Recurrence relations: prove that if $a_i = a_j$, then $i=j$ 
let $$a_n = \frac{n^2+10}{10^4}a_{n-1}, \space a_1=99$$
  Prove (or disprove) that $a_i = a_j \implies i = j$

My proof:
The above sequence is non-monotonic: $\frac {a_n}{a_{n-1}} > 1$ when $n^2 > 9900$. Therefore the least element will be $a_{99}$. Since a difinite minimum element exists, it is possible that if $a_i = a_j$, then $i=j$ exists such that $i<99, j>99$. 
This proof is not only weak but also wrong: my book says that this property is true. Please help me in proving so.
 A: Hint: If $a_i = a_j$ where WLOG $i < j$, then $$1 = \dfrac{a_j}{a_i} = \prod_{n = i+1}^{j}\dfrac{a_n}{a_{n-1}} = \prod_{n = i+1}^{j}\dfrac{n^2+10}{10^4} = \dfrac{1}{10^{4(j-i)}}\prod_{n = i+1}^{j}(n^2+10)$$ This means that we need $$\prod_{n = i+1}^{j}(n^2+10) = 10^{4(j-i)}.$$ Now, for what values of $i,j$ can the above product be a power of $10$, let alone $10^{4(j-i)}$?

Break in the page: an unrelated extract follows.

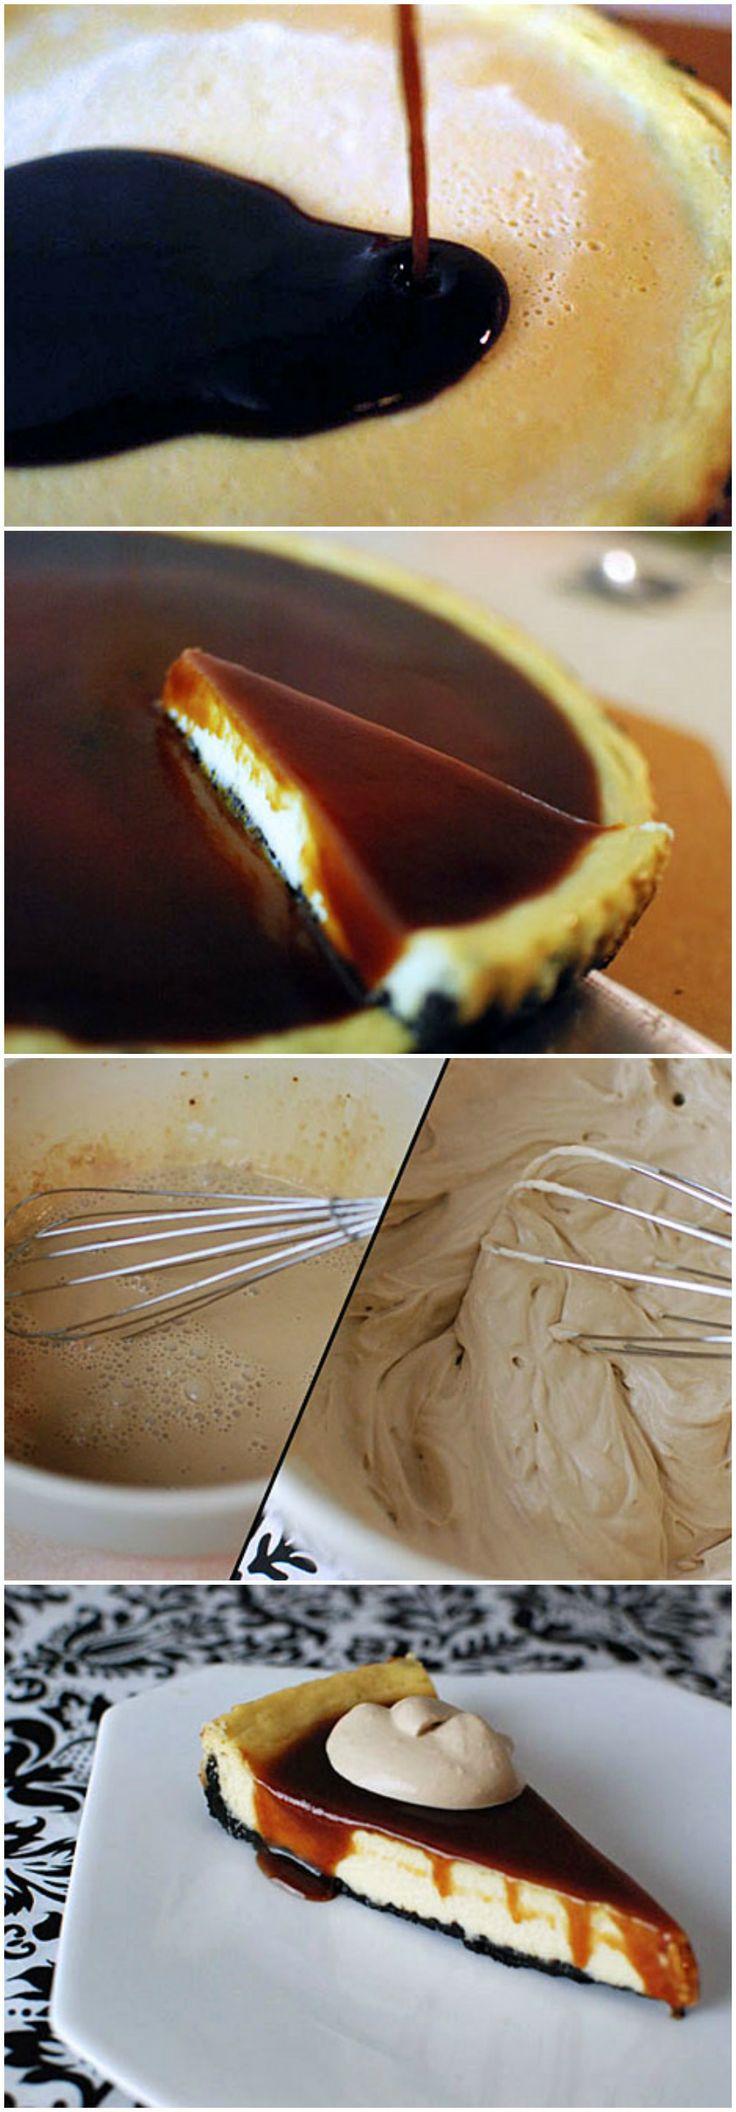 ... Caramel For, Irish Car Bomb Cheesecake, Irish Cream Cheesecake, Irish
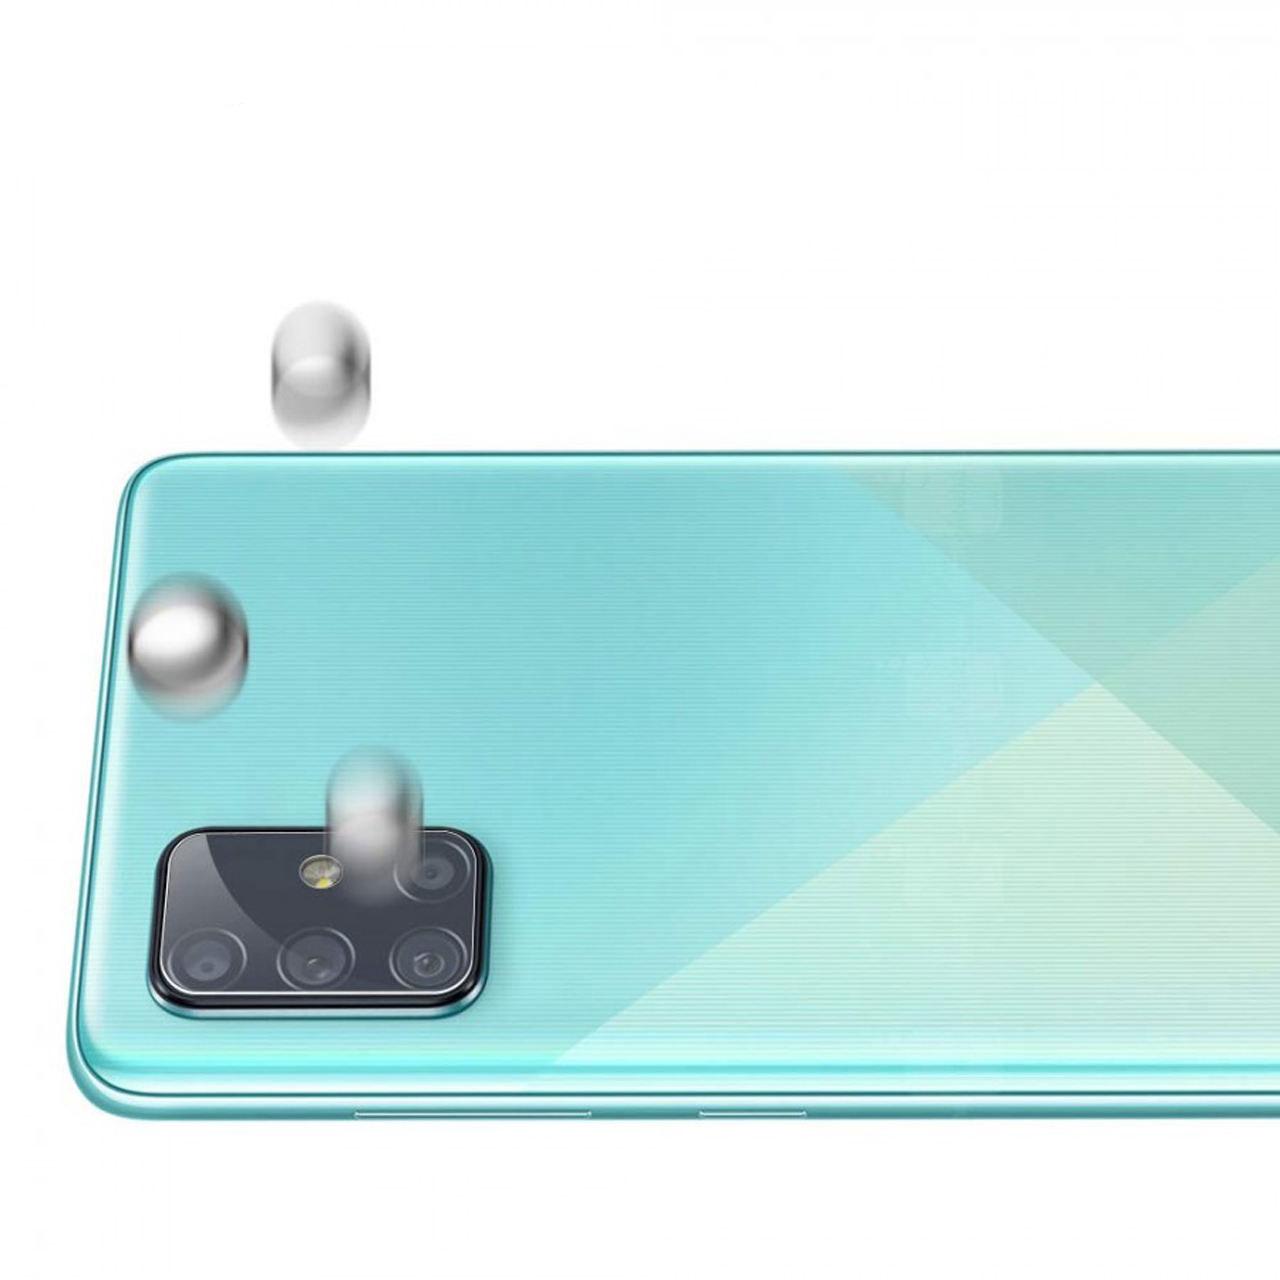 محافظ لنز دوربین کینگ کونگ مدل K-LNZ مناسب برای گوشی موبایل سامسونگ Galaxy A51              ( قیمت و خرید)

A: Well, this is the same as proving that $f:\mathbb{Z^{+}}\rightarrow\mathbb{Z^{+}}$ is injective $(f(a)=f(b) \implies a=b)$
while $f(1)=99$ and 
$$f(x)=\frac{x^2+10}{10^4}\cdot f(x-1)$$
$$f(x)=\frac{x^2+10}{10^4}\cdot\frac{(x-1)^2+10}{10^4}\cdot \dots \cdot\frac{(x-k)^2+10}{10^4} \cdot f(x-k-1) \tag{1}$$
for all positive integers $k \le x-2$
Assume for the sake of contradiction that there exists positive integers $a,b$ such that $f(a)=f(b) \ne0$ while $a \ne b$, and assume WLOG that $a>b$, so that we can choose $k$ such that $b=a-k-1$, we get:
$$f(a)=\frac{a^2+10}{10^4}\cdot\frac{(a-1)^2+10}{10^4}\cdot \dots \cdot\frac{(b+1)^2+10}{10^4} \cdot f(b)$$
$$\iff(a^2+10)((a-1)^2+10)\dots((b+1)^2+10)=1$$
which is, of course, impossible.